Calculating Related Posts

Generating the embeddings themselves is the computationally hard work. Once we’ve located our post in semantic space, we just need to calculate the cosine distances between posts. To do that, we add one more function to functions.php:

function cos_sim($a, $b) {
	$n = 0; $d1 = 0; $d2 = 0;
	foreach (array_map(null, $a, $b) as $i) {
		$n += $i[0] * $i[1];
		$d1 += $i[0]**2;
		$d2 += $i[1]**2;
	}
	return $n/(sqrt($d1)*sqrt($d2));
}

With this, we can calculate the related posts on any single.php page:

<?php $embeddings = $wpdb->get_results(
	"SELECT post_id, meta_value
	FROM {$wpdb->prefix}postmeta
	WHERE meta_key='_embedding'",
	OBJECT_K
);
$own = json_decode($embeddings[get_the_ID()]->meta_value);
if ($own) {
	$similarities = [];
	foreach ($embeddings as $id => $e) {
		if ($id == get_the_ID()) continue;
		$embedding = json_decode($e->meta_value);
		$similarities[$id] = cos_sim($own, $embedding);
	}
	arsort($similarities); ?>

	<h3>Articles Similar To This One</h3>
	<ul><?php foreach (array_keys(array_slice($similarities,0,3, true)) as $item) { ?>
		<li>
			<?php get_post($item);
			//Style your post here ?>
		</li>
	<?php } ?></ul>
<?php } //if ($own) ?>

Essentially, we query all the embeddings from the post meta, pull out the current page’s, calculate the cosine similarity to each page other than the self, and generate related posts markup for the top three. Again, with 100 posts this isn’t intensive enough to noticeably affect page load time, but if you have a lot of posts, you can reduce the dimensionality or implement caching.

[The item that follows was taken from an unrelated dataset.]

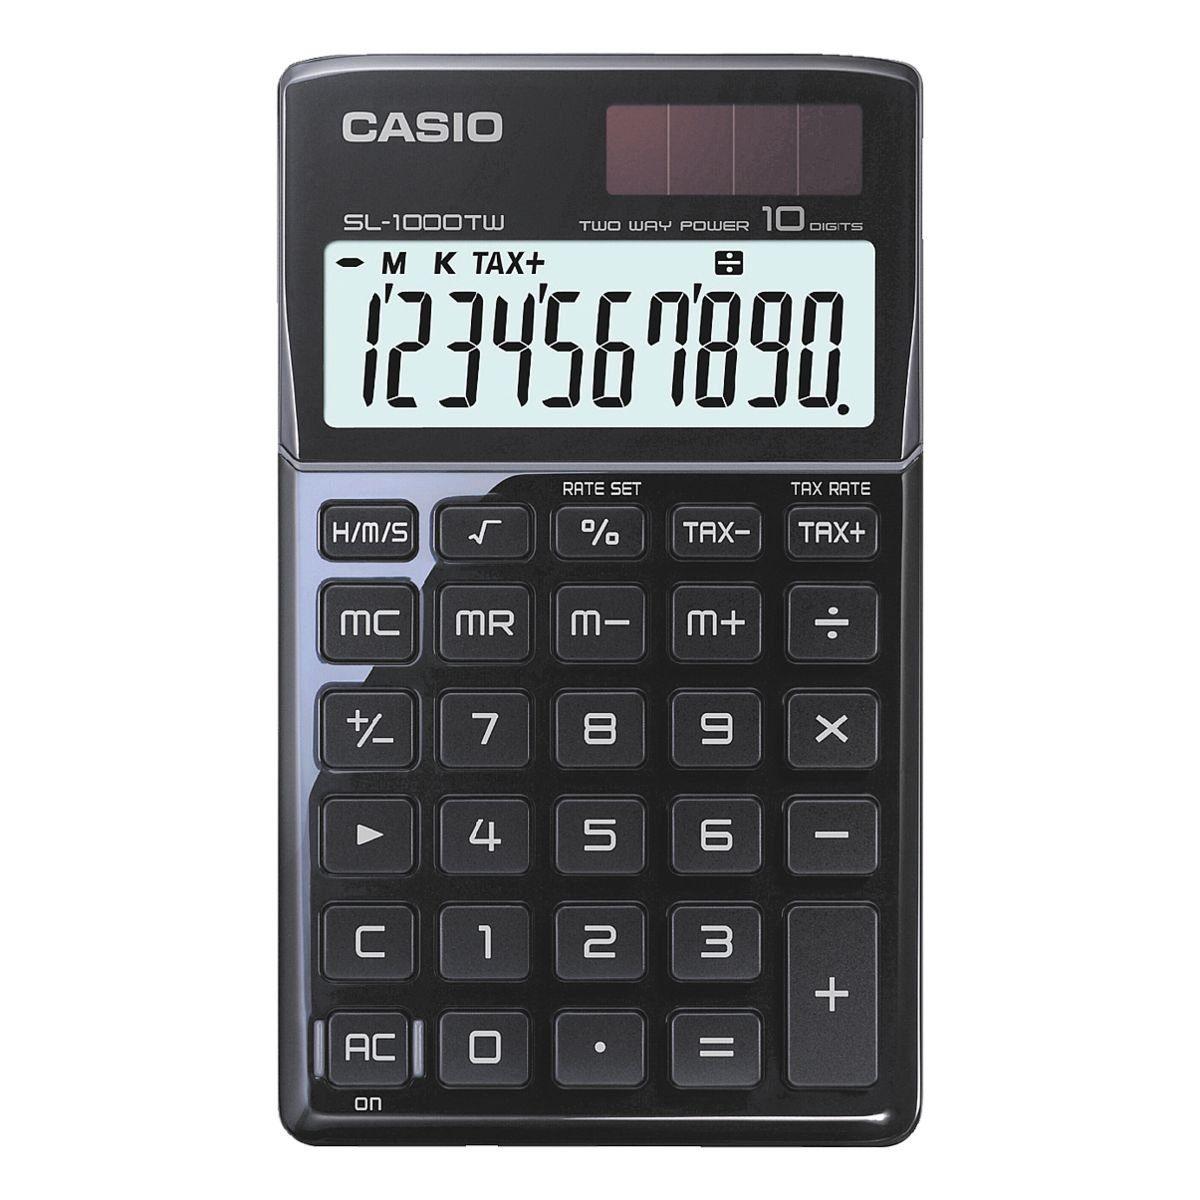 CASIO Taschenrechner »SL-1000TW«

And voilà, a script to automatically generate embeddings and search for related posts every time you publish or update a page. See it in action by scrolling down!

Optional Regeneration On Update

The save_post_post hook above will generate an embedding every time a post is published or updated. Sometimes this is what we want, if there’s a major content update. But for small edits, since it costs us money, we’d like an option to edit posts without regenerating the embedding.

To do this, we’ll add a box to the bottom of the Post Settings sidebar in the editor, fire the save_post_post hook when it’s checked, and return otherwise.

We’ll add this box with the add_meta_box function, and attach some checkbox markup to it by referring to the embeddings_checkbox function.

<?php //Checkbox to avoid double generating embeddings unless we want to
add_action('add_meta_boxes', function() {
	add_meta_box(
		'gen_embeddings',
		'Embeddings',
		'embeddings_checkbox',
		'post', 'side', 'core'
	);
});

function embeddings_checkbox($post) {
	$value = get_post_meta($post->ID, '_embedding', true); ?>
	<label for="gen_embeddings">
		<input type="checkbox" id="gen_embeddings" name="gen_embeddings" <?php if (!$value) echo 'checked'; ?> />
		<?php echo $value ? 'Reg' : 'G'; ?>enerate embeddings
	</label>
<?php }

The second function checks whether the post has an existing embedding. If it doesn’t, it checks the box by default and prompts ‘Generate embeddings’. If it does, it unchecks the box, and gives you the option to ‘Regenerate embeddings’.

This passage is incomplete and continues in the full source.